Is this their new WOC? If so I tried it on in Beverly Hills last week and it's now on my list in blue or white!


----------



## chubbyxmonkey

Swanky said:


> Is this their new WOC? If so I tried it on in Beverly Hills last week and it's now on my list in blue or white!


Yes!  I'd say it's like WOC.  I haven't seen it but also thinking blue.  Do you happen to remember the price?
Thank you!


----------



## Swanky

chubbyxmonkey said:


> Yes!  I'd say it's like WOC.  I haven't seen it but also thinking blue.  Do you happen to remember the price?
> Thank you!


I saw it in the case and said "uhh, I haven't seen that before!" the SA said they just got them the week before and took it out for me.  I loved it, it's much like a Chanel WOC.  DH liked it too and said to put it on the list lol, unfortunately, I didn't ask about price.


----------



## chubbyxmonkey

Swanky said:


> I saw it in the case and said "uhh, I haven't seen that before!" the SA said they just got them the week before and took it out for me.  I loved it, it's much like a Chanel WOC.  DH liked it too and said to put it on the list lol, unfortunately, I didn't ask about price.

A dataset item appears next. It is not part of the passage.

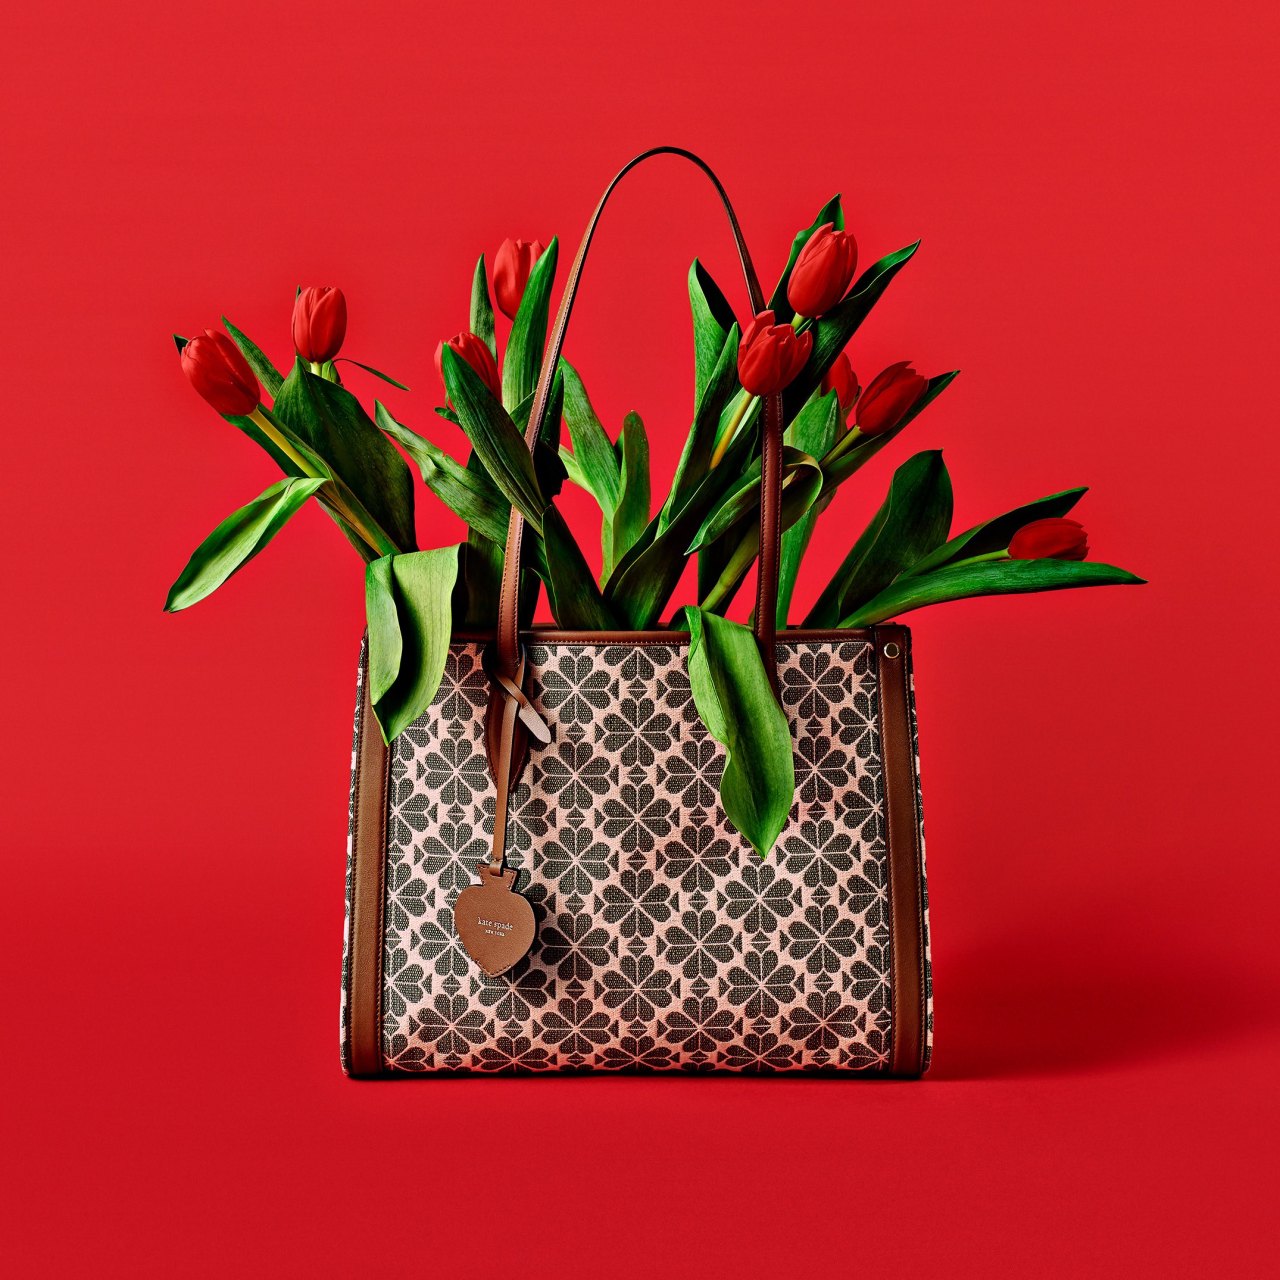 kate spade new york  instant classic. our spade flower jacquard

Thank you for the info!!  Will have to make a trip to check this out!


----------



## chubbyxmonkey

Swanky said:


> I saw it in the case and said "uhh, I haven't seen that before!" the SA said they just got them the week before and took it out for me.  I loved it, it's much like a Chanel WOC.  DH liked it too and said to put it on the list lol, unfortunately, I didn't ask about price.


Love the "put it on the list" from your DH!


----------



## elizapav

I was told Varenne - $1410 black/black; black/tan  - $1765 colors. I am not sure if that’s the right bag. Is anyone able to confirm?


----------



## Swanky

I revealed mine here, it was $1765






						Croisière 50 Bag and Varenne Continental Wallet reveal
					

https://www.goyard.com/us_en/sac-croisiere-50.html Like a cocoon that transports, protects and secures personal belongings thanks to lockable zips, the Croisière 50 bag has a charming and unique style...   26 cm x 26 cm x 50 cm , 1.8 kg Goyardine Canvas & Clamecy Cowhide...




					forum.purseblog.com


----------



## elizapav

Swanky said:


> I revealed mine here, it was $1765
> 
> 
> 
> 
> 
> 
> Croisière 50 Bag and Varenne Continental Wallet reveal
> 
> 
> https://www.goyard.com/us_en/sac-croisiere-50.html Like a cocoon that transports, protects and secures personal belongings thanks to lockable zips, the Croisière 50 bag has a charming and unique style...   26 cm x 26 cm x 50 cm , 1.8 kg Goyardine Canvas & Clamecy Cowhide...
> 
> 
> 
> 
> forum.purseblog.com



Thank you so much, love it! The white looks sporty and chic on you, hope you are enjoying it.


----------



## Swanky

Thanks @elizapav I’m enjoying it!


----------



## elizapav

Any other TPFers have the Varenne 3 in a color (other than the lovely white @Swanky has)? Did you end up purchasing the blue @chubbyxmonkey? Love their color but my Goyards are only White and Black and I am about to purchase this bag in a color and hope the maison has rectified the color transfer issues one hears about with the St. Louis straps (at least in older versions of the bag). Thanks so much!


----------



## elizapav

Any other TPFers have the Varenne 3 in a color (other than the lovely white @Swanky Did you end up purchasing the blue @chubbyxmonkey ?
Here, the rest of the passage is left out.